Copy the listing below exactly. Pictures stay out of it.
*** Opening of Information supplied ***
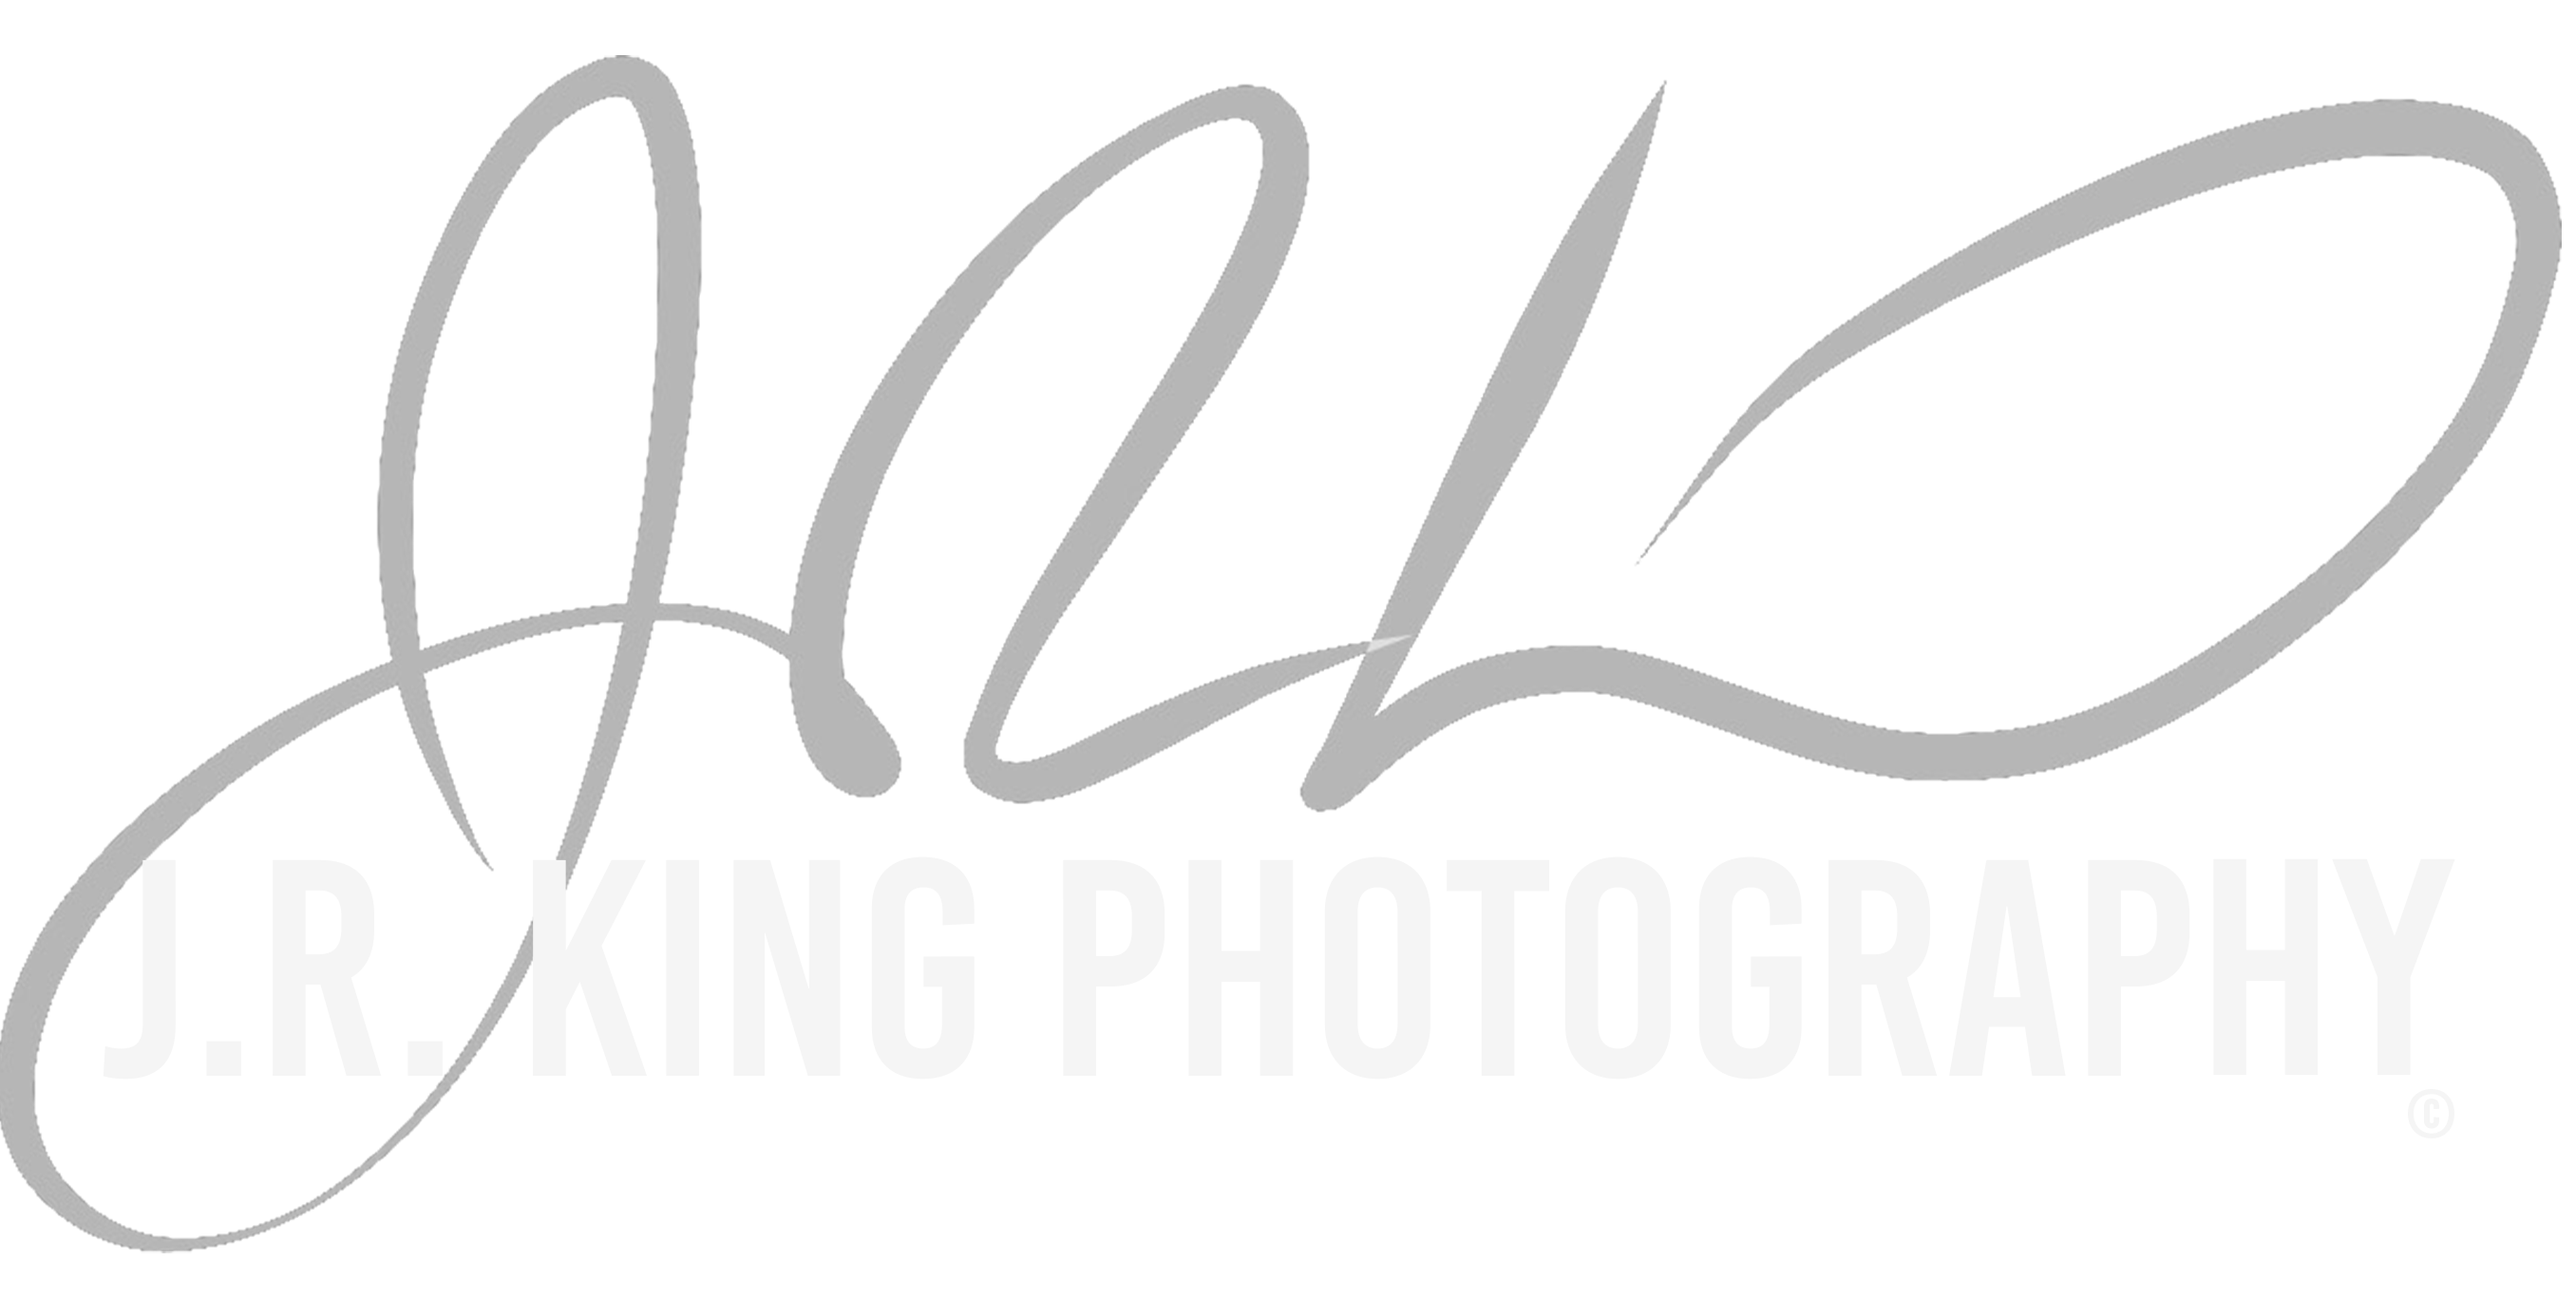 J.R. KING PHOTOGRAPHY
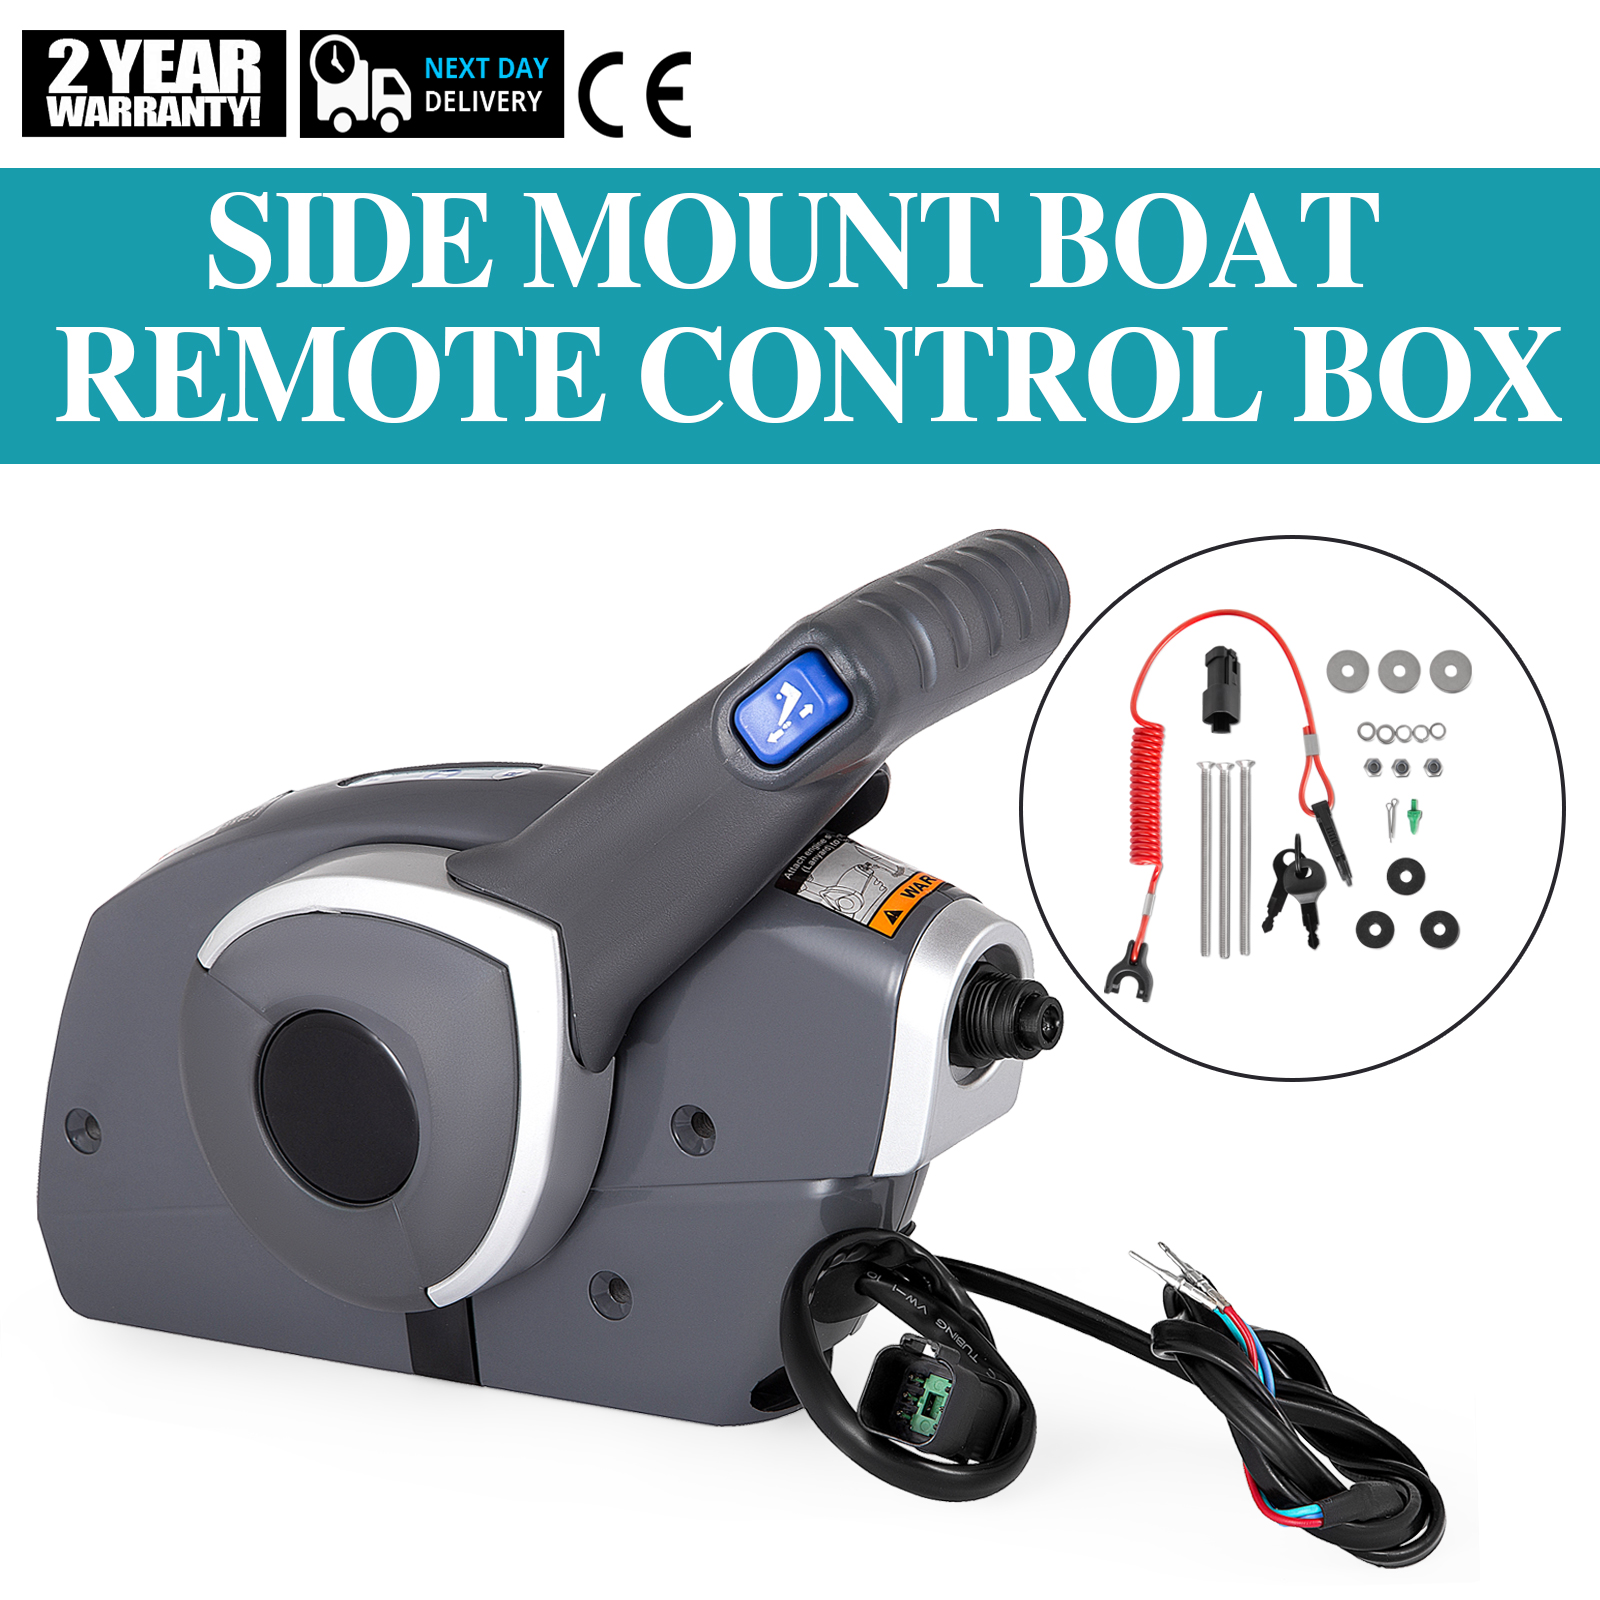 Sale Motor Outboard Remote Control Box Throttle /&Shift For BRP Johnson Evinrude
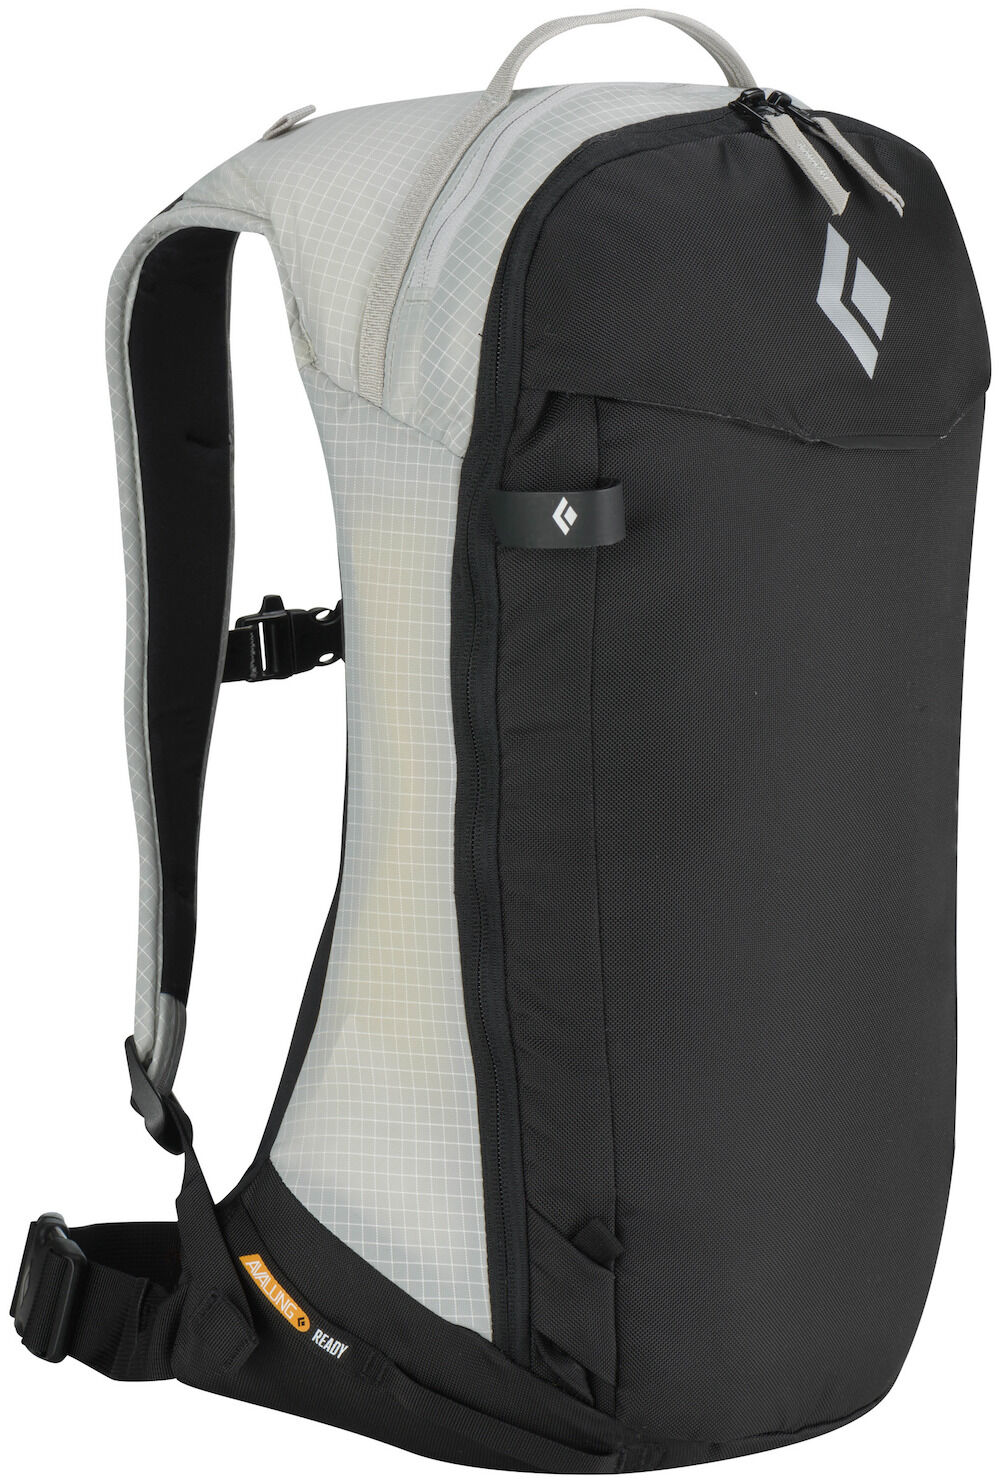 Black Diamond - Dawn Patrol 15 - Ski Touring backpack
*** Close of Information supplied ***
*Exercise solution*.
 J.R. KING PHOTOGRAPHY
 Sale Motor Outboard Remote Control Box Throttle /&Shift For BRP Johnson Evinrude
 Black Diamond - Dawn Patrol 15 - Ski Touring backpack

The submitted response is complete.